The sooner you incorporate this into your pet’s routine, the more cooperative they will be. Therefore, it is important to start when they are young as they will learn as pups that this is an aspect of what they do in the day and cannot be avoided (not all dogs like to have their coat brushed out).
Remember, Westies are playful dogs and will get up to something almost everyday. If they have been rolling about in the grass or like to play in a heap of dried leaves, it is especially important to keep the outer coat clean as the Westie outer coat is more prone to matting than other breeds with shorter coats.
The outer coat will also need clipping every four months or so to keep the coat neat and clean. If you live in a warm enough climate, you can strip the outer coat a few times during the year. This helps to keep the coat light and it also makes the coat grow back healthier and more lush.

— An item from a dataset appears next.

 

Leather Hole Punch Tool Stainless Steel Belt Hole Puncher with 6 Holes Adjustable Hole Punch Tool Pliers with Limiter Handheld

Learn more about Westie grooming with these articles:
- Do Westies Shed?
- How Often Should I Bathe My Westie?
- Best Shampoo for Westies: What You Should Look For and Top 5 Picks
- Best Brush for Westies: Tips, Tricks and Reviews for Finding the Right One
- Westie Haircut Styles Guide
- Can Westies Be Black?
- Best Dog Clippers for Westies: Top 5 Picks to Groom at Home
So Should You Get a Westie?
From the descriptions above, you may have taken away a fairly positive picture of Westies. But just because they are a good breed objectively does not have to mean they would be a good fit for you. The following is a brief synopsis of their pros and cons that may help you decide better whether or not you should bring a Westie into your family:
- Westies are perfect for apartment living. They are small and can get the right amount of exercise even from doing activities around the house that keep them active (though that does not mean you can skip the walks outside, especially to house break them).

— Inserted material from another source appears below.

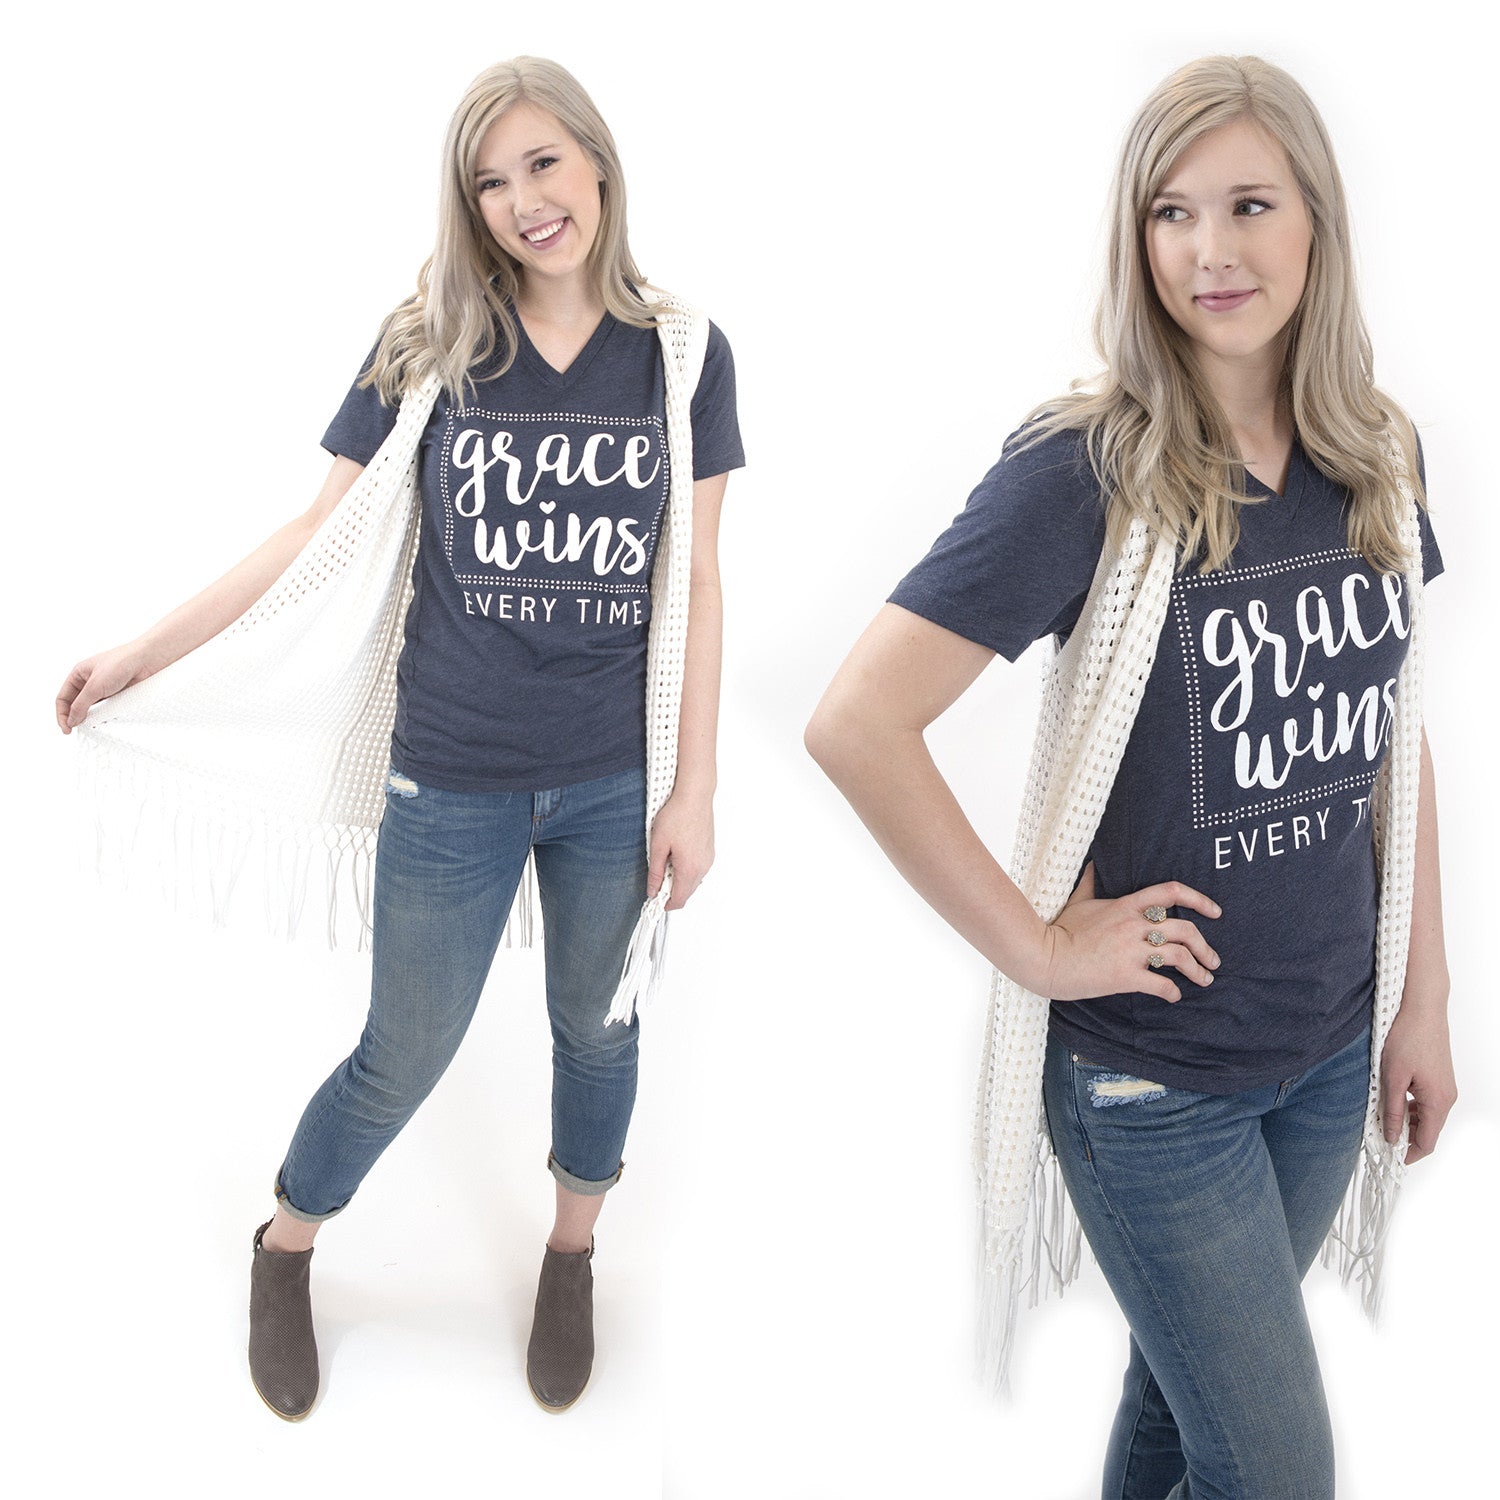 Graces Wins Every Time Christian graphic tee at Eccentrics Boutique

- They are extremely friendly and affectionate dogs. If you live alone in an apartment and are looking for company, they are the perfect breed. They do not require as much work as a larger breed might, they live comfortably in an apartment, and they will make you feel ever so special.
- They are really great with children. If you have young kids around the house and wondering what breed of dog would be safe to have around them, a Westie is that breed. Sure, they will require socialization but so will every other breed.
- They tend to bark and dig a lot—behaviors you can curb or control, but they are unlikely to go away completely. These are small dogs with large personalities. Which is great for the most part, but not when you want to sleep in on a Sunday morning but your dog cannot cut out the barking.
- They are intelligent dogs with an independent streak. Which also means they can become quite stubborn (and also develop small dog syndrome) if not trained properly. You will need to set boundaries very early on with a Westie and establish your authority.
- They can be prone to certain common ailments that may have been avoided if the dog has been bred keeping in mind the high standards of various respected kennel clubs. However, this cannot always be a guarantee and some of the common health issues Westies have can be quite stressful and bothersome especially for the pooch, but also for their owner who is providing them with care.
With the pros and cons of the breed laid out in front of you, you should be able to make a more informed decision. It must be said that no dog breed is bad, but some are just more suitable for certain household setups than others. It is up to you to find a breed that matches your needs and the environment you can provide to the dog.
A Westie is a dog that ticks off plenty of boxes. They do not require as much exercise as a larger dog might, they make for great apartment pets and are also great with children if they are brought into a home with small kids. Now, it is for you to see whether the cons that have been mentioned above are a deal breaker.